Abstract 215P
Background
Almost 60% of breast cancers (BCs) diagnosed in germline BRCA1/2 pathogenic variants (gBRCAm) carriers are HR+/HER2-. CDK4/6 inhibitors (CDK4/6i) plus endocrine therapy (ET) represent standard first-line treatment for HR+/HER2- metastatic BC. Sparse data suggest limited CDK4/6i benefit among gBRCAm carriers. However, prespecified subgroup analyses from pivotal trials are lacking, and current data quality is poor given the small patient populations.
Methods
We conducted a systematic review and meta-analysis of studies evaluating CDK4/6i outcomes in patients with HR+/HER2- metastatic BC according to gBRCA status. We queried Embase, MEDLINE, PubMed, ASCO, ESMO and SABCS proceedings to identify eligible studies. Progression free survival (PFS) and overall survival (OS) were compared according to gBRCA status (gBRCAm vs. gBRCA wild type [wt] and vs. a combined group of gBRCAwt patients and unknown status [wt/unk]).
Results
Of 1135 potentially eligible records, 11 studies were included in the meta-analysis, covering a population of 11516 patients, 392 of whom with gBRCAm (range 6-145). Two studies included only gBRCA tested patients; all other studies also allowed gBRCA untested patients. Five studies only assessed patients receiving CDK4/6i as fistr-line therapy. The meta-analysis of studies with available data for gBRCAm vs. gBRCAwt patients resulted in an HR for PFS of 1.72 (95%CI 1.29-2.27) and an HR for OS of 2.02 (95%CI 1.36-3.01). Expanding the analysis with the inclusion of patients with unknown gBRCA status led to similar results (gBRCAm vs. gBRCAwt/unk), with an HR for PFS of 2.21 (95%CI 1.62-3.03) and for OS of 1.65 (95%CI 1.16-2.34). A sensitivity analysis of patients receiving CDK4/6i as fistr-line showed similar results, with gBRCAm patients having a worse PFS (HR 4.12, 95%CI 1.82-9.35) and OS (HR 1.97, 95%CI 0.62-6.22) compared to gBRCAwt/unk.
Conclusions
gBRCAm patients with advanced HR+/HER2- BC treated with CDK4/6i + ET present a significant worse PFS and OS, with a doubling in risk of death compared to gBRCAwt. Further research is needed to understand molecular mechanisms and identify the optimal treatment sequence.

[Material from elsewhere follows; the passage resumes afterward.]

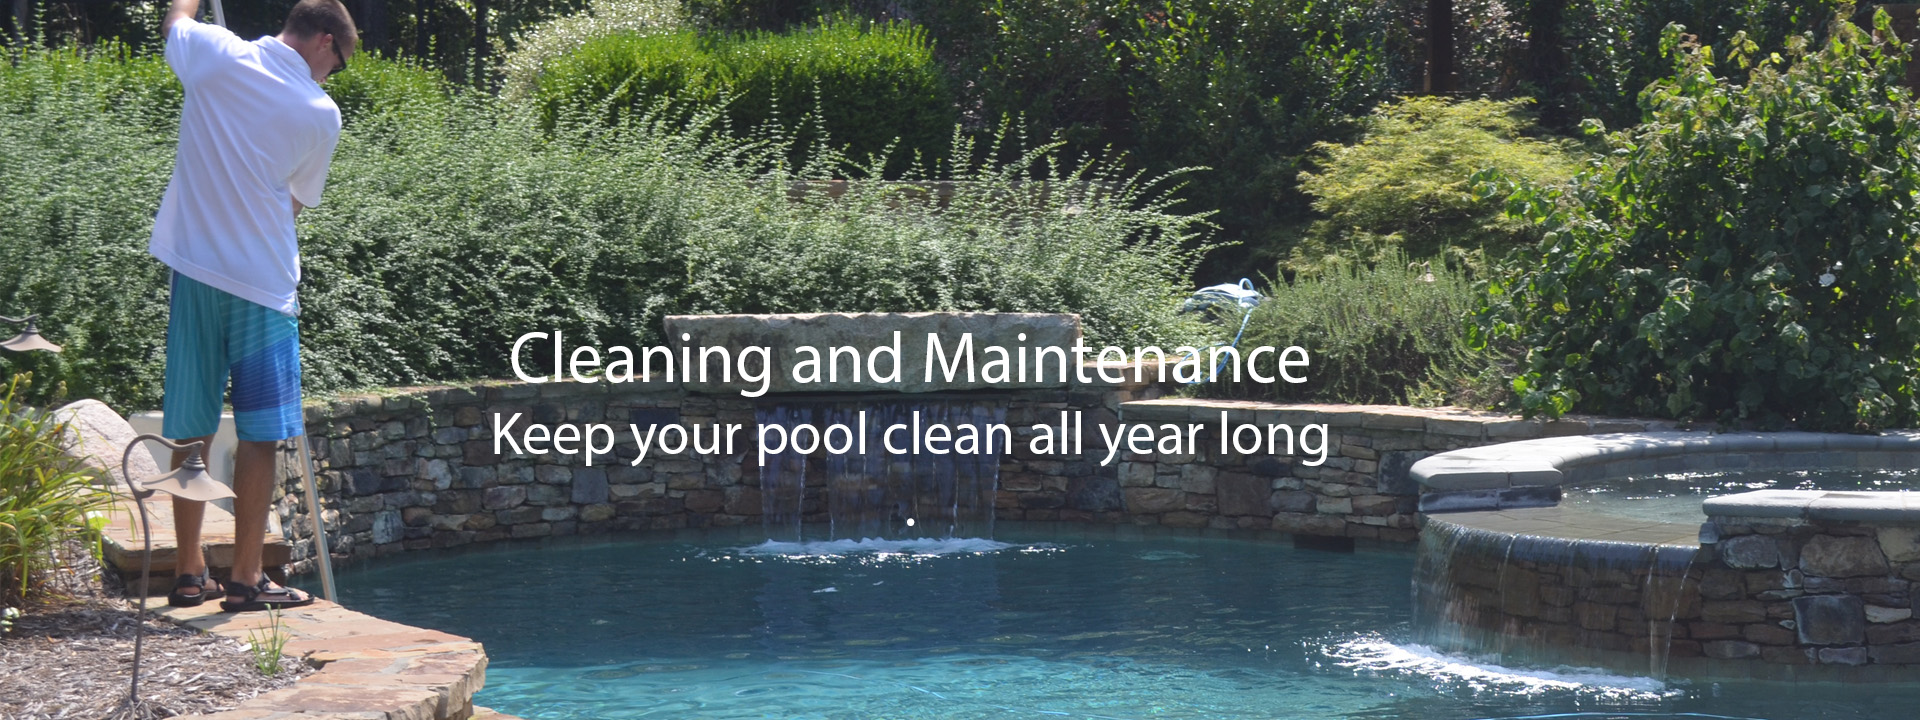 Home pool cleaning service and maintenance for Raleigh

Clinical trial identification
CRD42024500780 (22 Jan 2024).
Legal entity responsible for the study
The authors.
Funding
Has not received any funding.
Disclosure
F. Miglietta: Financial Interests, Personal, Invited Speaker: Roche, Novartis, Seagen, Pfizer, Lilly, Menarini; Financial Interests, Personal, Advisory Board: AstraZeneca, MSD. M.V. Dieci: Financial Interests, Personal, Invited Speaker: Eli Lilly, Exact sciences, Gilead, Seagen, Daiichi Sankyo, Novartis; Financial Interests, Personal, Advisory Board: Novartis, Eli Lilly, Seagen, Exact Science, Daiichi Sankyo, Gilead; Financial Interests, Personal, Other, Consultancy: Pfizer; Financial Interests, Personal, Other, Consultancy on educational project: Roche. G. Griguolo: Financial Interests, Personal, Invited Speaker: Novartis, Eli Lilly, MSD; Financial Interests, Personal, Advisory Board: Gilead, Menarini, Seagen; Other, Travel Support: Novartis, Amgen, Daiichi Sankyo, Eli Lilly, Gilead; Other, Trave Support: Pfizer. F. Girardi: Financial Interests, Personal, Invited Speaker: AstraZeneca, Eli Lilly, Gilead Scince; Financial Interests, Personal, Other, Travel support: Eli Lilly; Financial Interests, Other, Travel Support: Gilead Science. V. Guarneri: Financial Interests, Personal, Invited Speaker: Eli Lilly, Novartis, GSK, AstraZeneca, Gilead, Exact Sciences; Financial Interests, Personal, Advisory Board: Eli Lilly, Novartis, MSD, Gilead, Merck, Exact Sciences, Eisai, Olema Oncology, AstraZeneca, Daiichi Sankyo, Pfizer; Financial Interests, Personal, Expert Testimony: Eli Lilly; Financial Interests, Institutional, Invited Speaker: Eli Lilly, Roche, BMS, Novartis, AstraZeneca, MSD, Synton Biopharmaceuticals, Merck, GSK, Daiichi Sankyo, Nerviano, Pfizer; Non-Financial Interests, Member: ASCO. All other authors have declared no conflicts of interest.